But yes, I do agree that it would be conceptually cleaner if the subworkflow just takes in DE output, and so for GSEA.

I'd be in favor of taking this chance of streamlining the workflow now that we are anyway changing quite a few things. We can help with implementing a module for preranked GSEA if required¹.

(alternatively, the decoupler module is kind of ready, and it comes with a very fast GSEA implementation -- it should generate the same results in terms of scores and p-values, but it doesn't produce all outputs such as the "leading edge" plots).

Footnotes

In a few weeks. Waiting for the contract extension with our external developers to be signed. ↩

Not to be a pain, but I do like those leading edge plots, they are useful.

I'm not against a preranked GSEA module. But what I really would like to get rid of is the contrast specification in this subworkflow.

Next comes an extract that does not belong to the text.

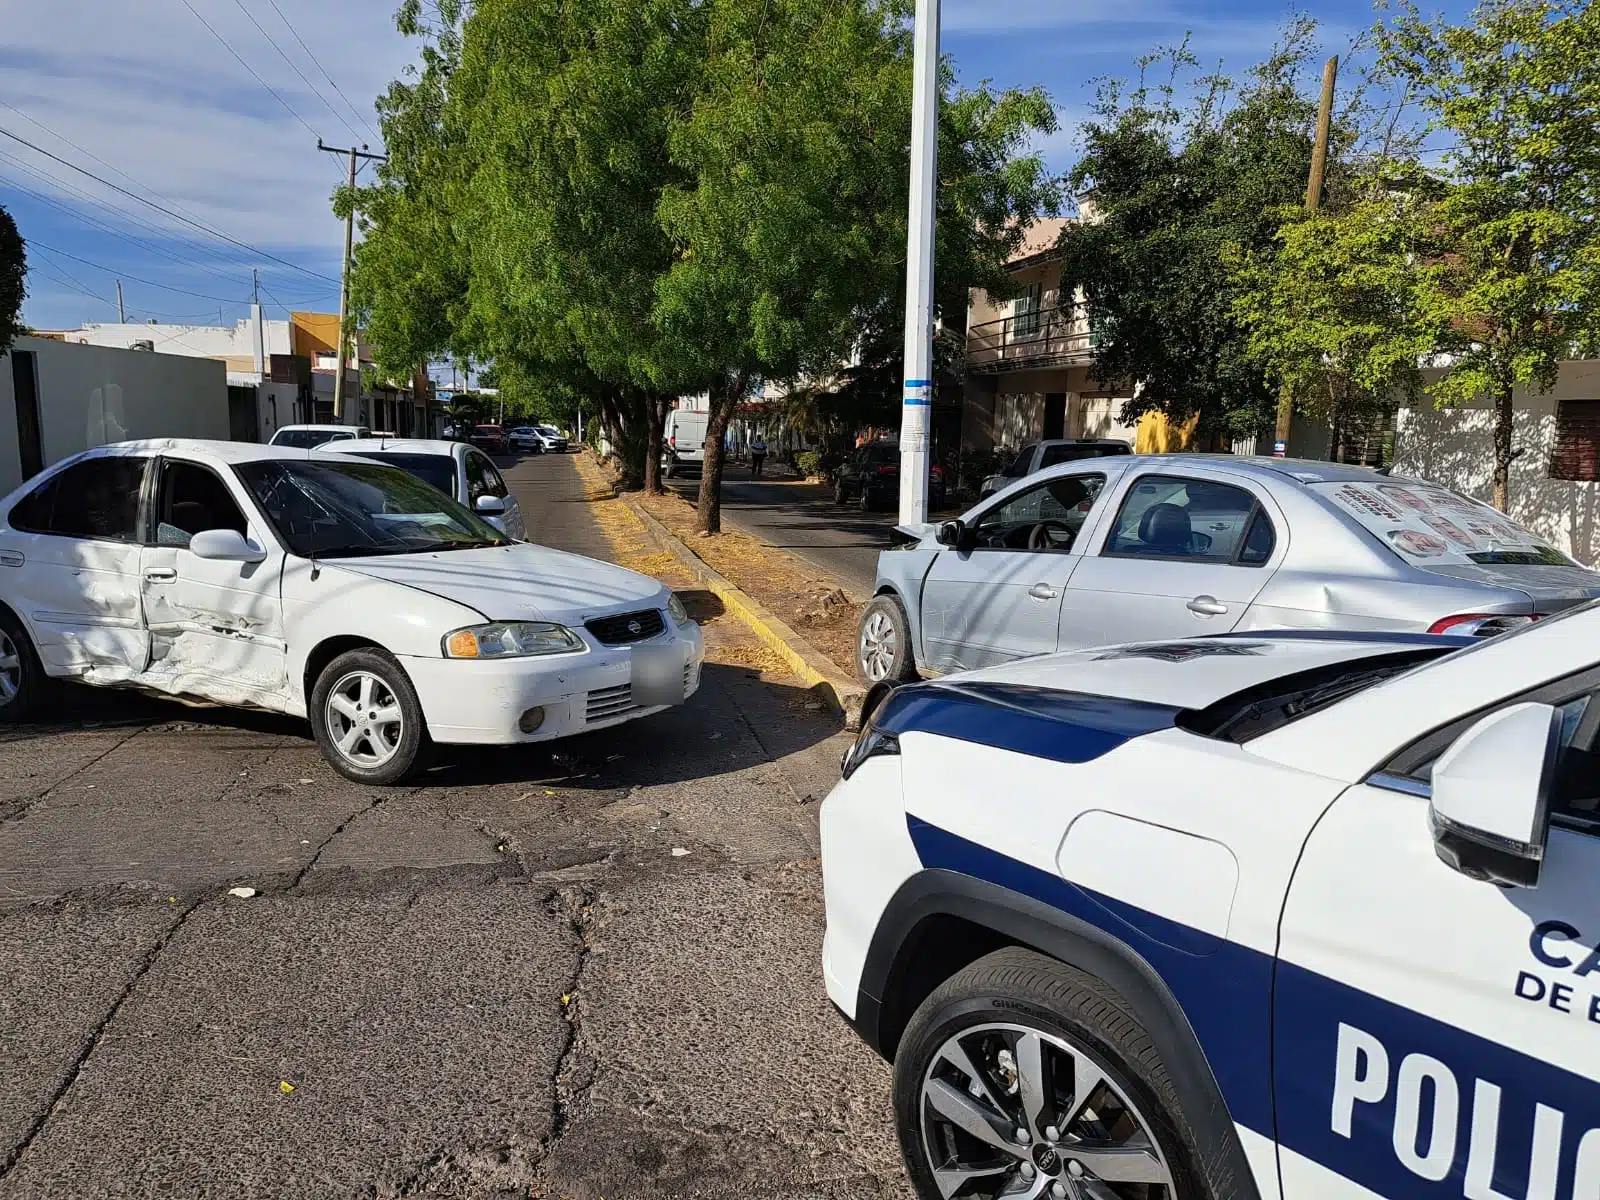 Carros chocados tras un accidente tipo carambola en Culiacán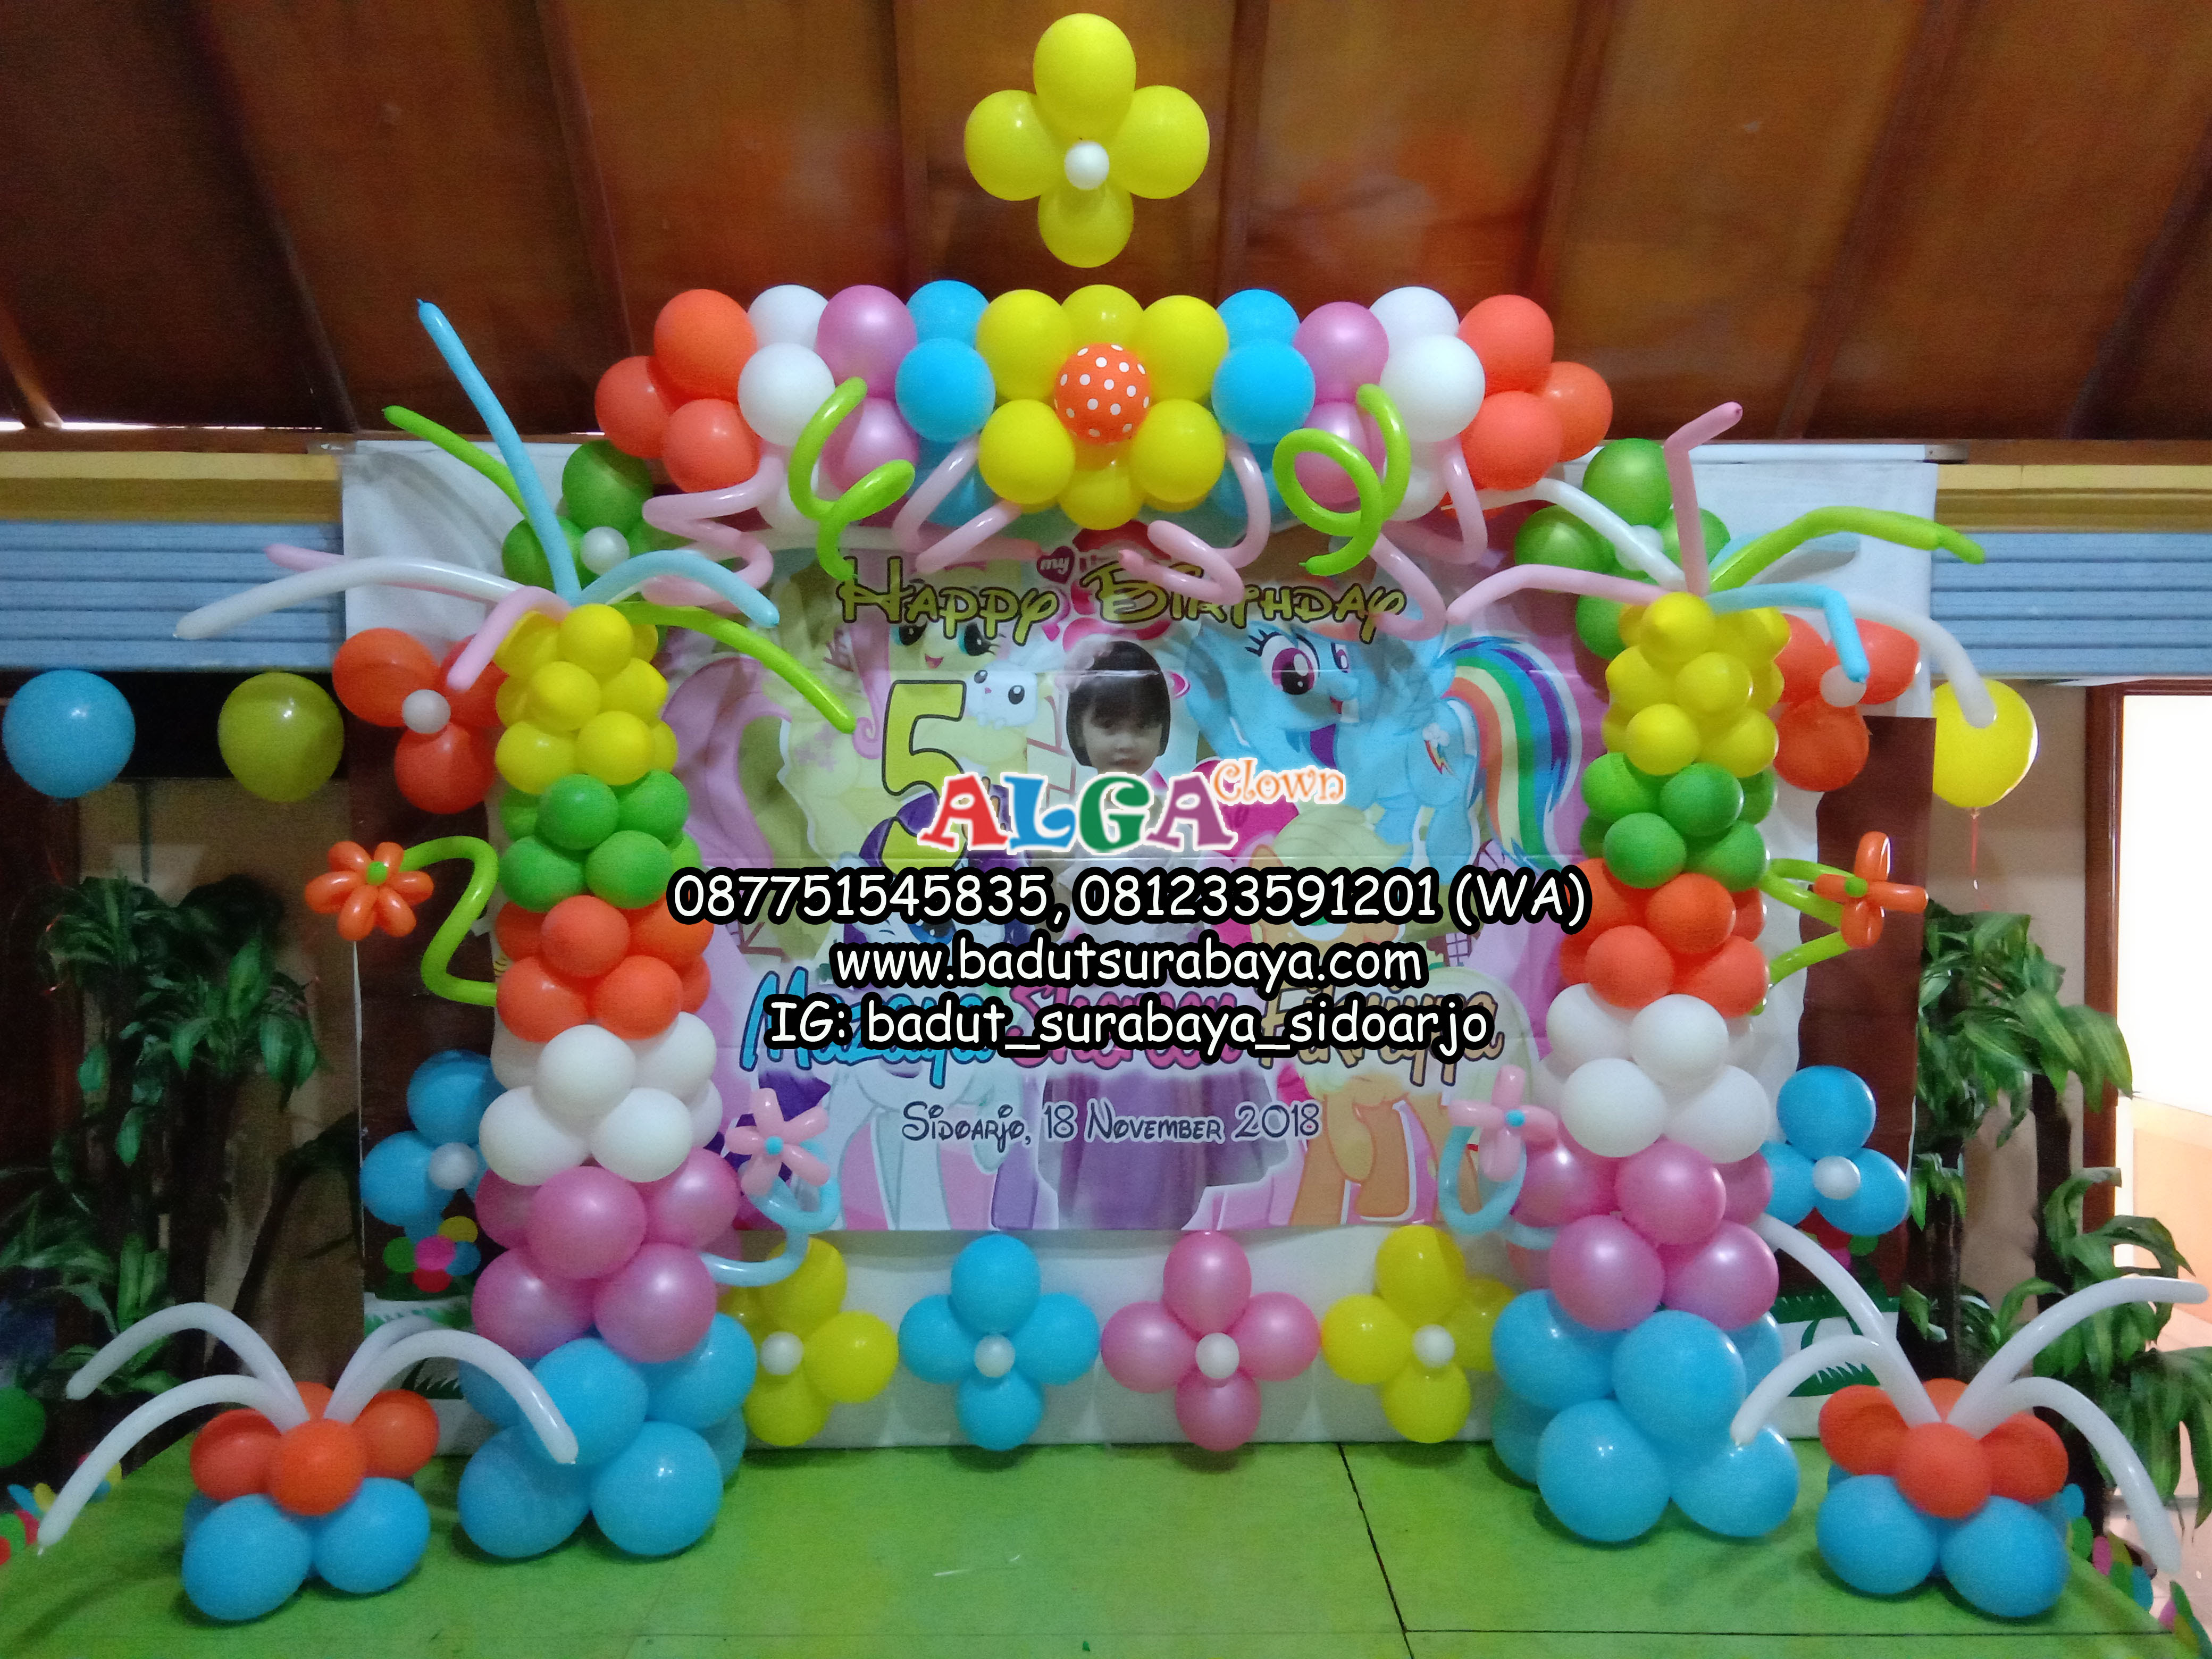 Dekor Balon Ultah 650 rb Badut Surabaya Alga Clown

I would actually like to start integrating the subworkflows in the current DA pipeline hopefully next week.
If the switch to preranked GSEA would take some time, maybe we could first agree on the current subworkflow version? I think it could serve as a nice starting point, and you are welcome to add modifications above it afterwards

pinin4fjords

Few minor comments, it's going the right way.

IMO having GSEA in here is fine, I can imagine other methods in here in future might use them, they can be optional, and 'pre-ranked' methods can ignore them.

I do think the gene_sets should be part of the iterable input if they're going to be method-specific, to save us adding method-wise get set channels to the interface.

pinin4fjords · 2025-01-24T13:51:51Z

subworkflows/nf-core/differential_functional_enrichment/meta.yml

+        - meta_input:
+            type: map
+            description: Metadata map
+        - input:


Can you expand on what is meant by 'input' here please?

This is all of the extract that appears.